A ansiedade do plantel e de toda a equipa tem sido um dos fatores a gerir nestas semanas. “Primeiro tenho que me mentalizar a mim que vou para um jogo para competir e depois conseguir inspirar os meus jogadores nesse facto”, frisou o treinador.

“O nosso maior adversário tem sido controlar a ansiedade até ao dia do jogo.

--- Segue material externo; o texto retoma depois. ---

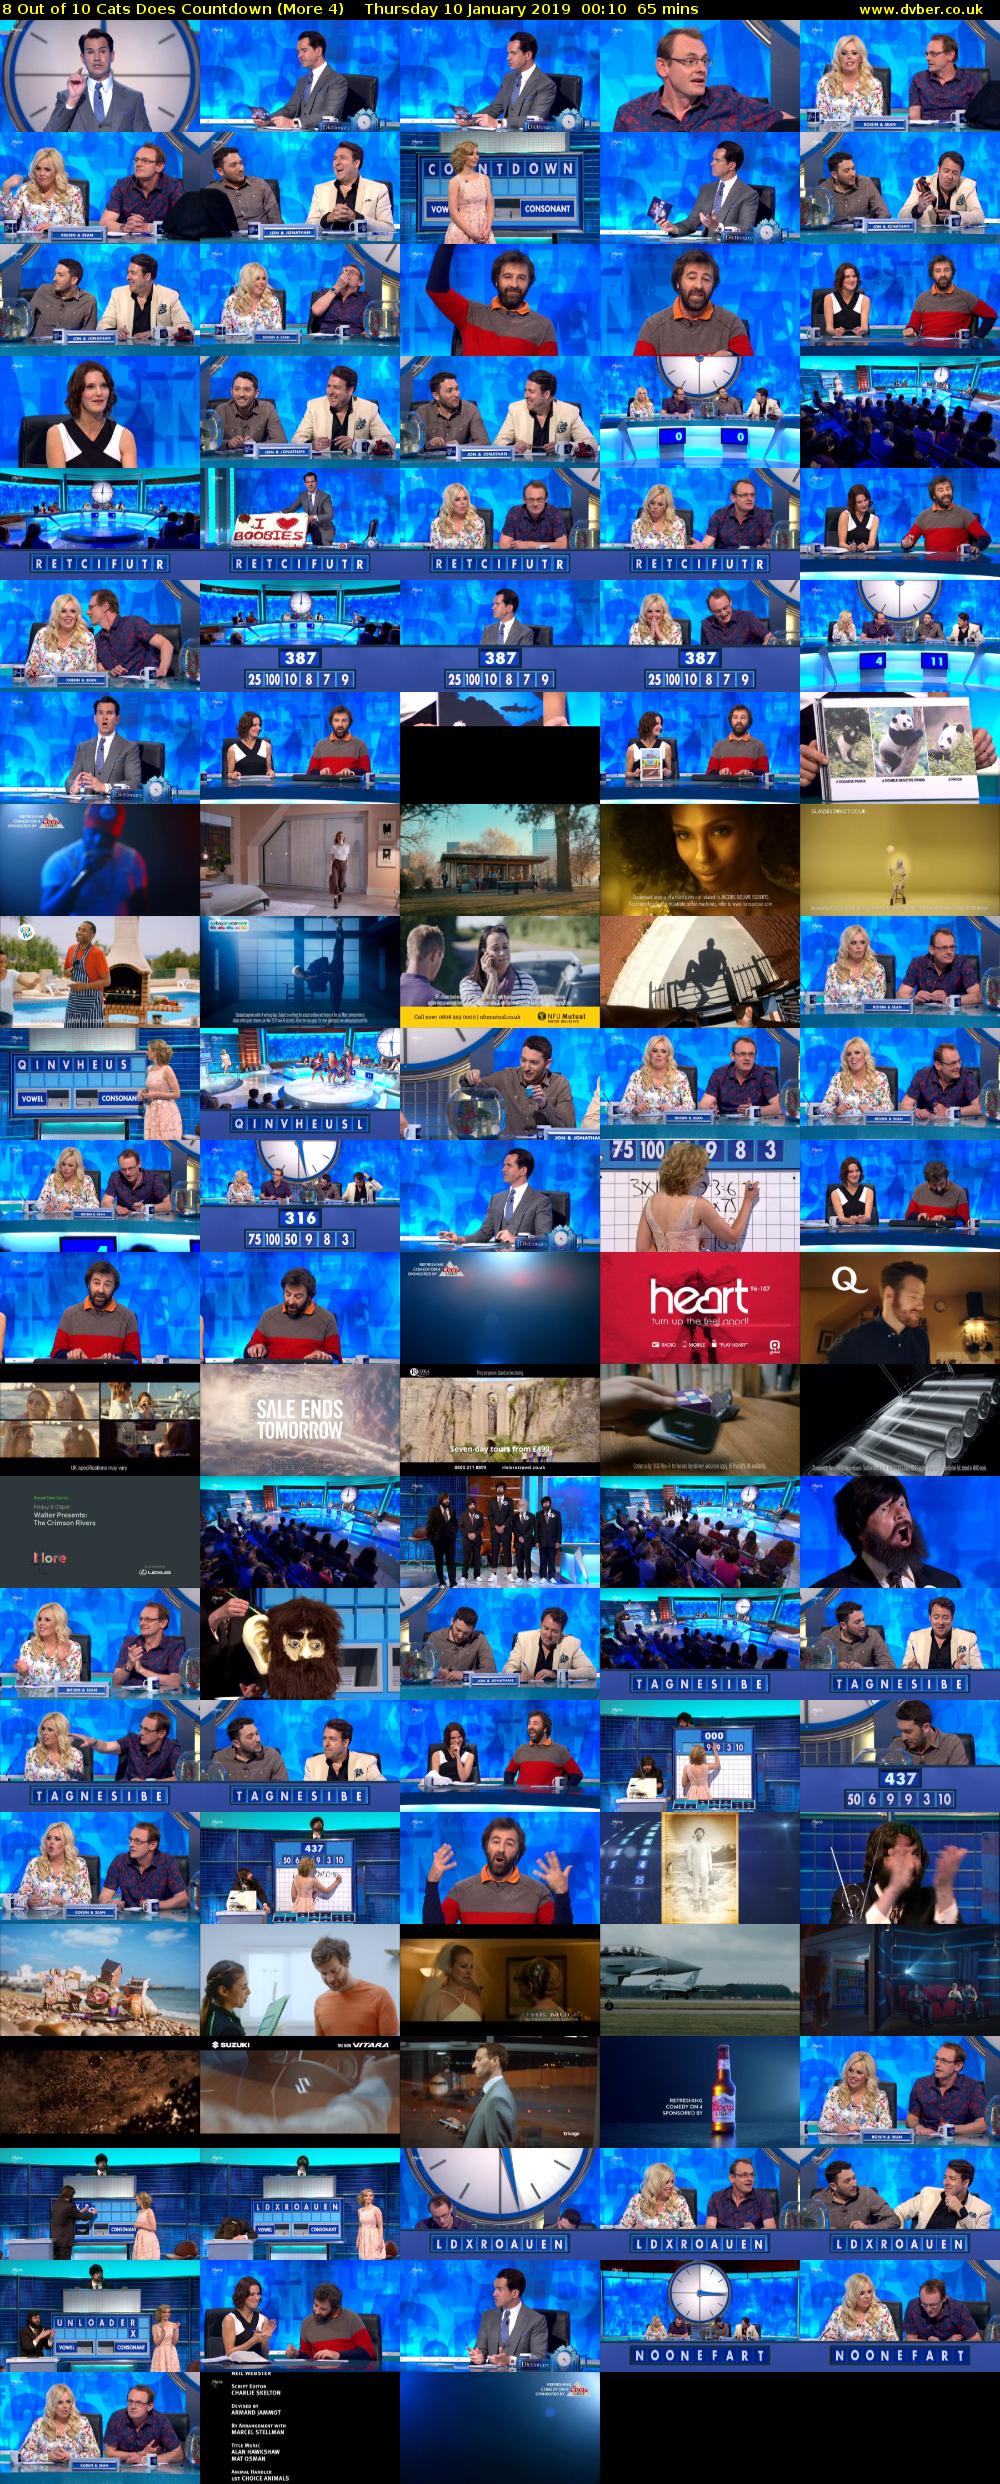 8 Out of 10 Cats Does Countdown (More 4) Thursday 10 January 2019 00:10 - 01:15

As maiores dificuldades que podemos encontrar da parte do adversário é o histórico do Futebol Clube do Porto, o não facilitismo o que o mister Sérgio Conceição nos tem habituado, basta ver o histórico dos jogos nesta eliminatória, que diz bem da dimensão da montanha que vamos ter de escalar”, acrescentou.

Para Vítor Gamito esta partida tem mais fatores além do resultado. “Olharei no futuro para este jogo como um passo para algo maior”, afirma, sem conseguir dizer se este jogo é mais importante do que a subida ao campeonato de Portugal e a manutenção no ano passado. “Sem esses jogos não estava aqui hoje, neste jogo que é um marco histórico na aldeia de Vilar de Perdizes e no concelho de Montalegre, bem como em todo o distrito, mas não consigo olhar para um evento de forma isolada”, referiu.

Para o treinador deste dia “vai ter de sobrar alguma coisa”, considerando que “temos de aproveitar o mediatismo todo, que se deve ao adversário, mas não temos de encher o balão ao máximo, ele rebentar e não ficar nada, temos de ter os pés bem assentes no chão”. Vítor Gamito espera que “sobre alguma coisa na segunda-feira e que sirva de motivação, sentimos o sabor do que é um jogo desta dimensão e que trabalhemos para que um dia esse mediatismo seja em função do nosso trabalho”.

O plantel está à inteira disposição, e o treinador admite que foi complicado escolher os jogadores e gerir as expectativas num jogo em que todos querem entrar em campo.

Conta com as características da equipa “de caráter bastante ofensivo, com um dos melhores ataques da série A, e que nunca vira a cara à luta”.

A partida Vilar de Perdizes-FC Porto disputa-se amanhã, às 20h45 no Estádio Municipal Engenheiro Manuel Branco Teixeira, em Chaves.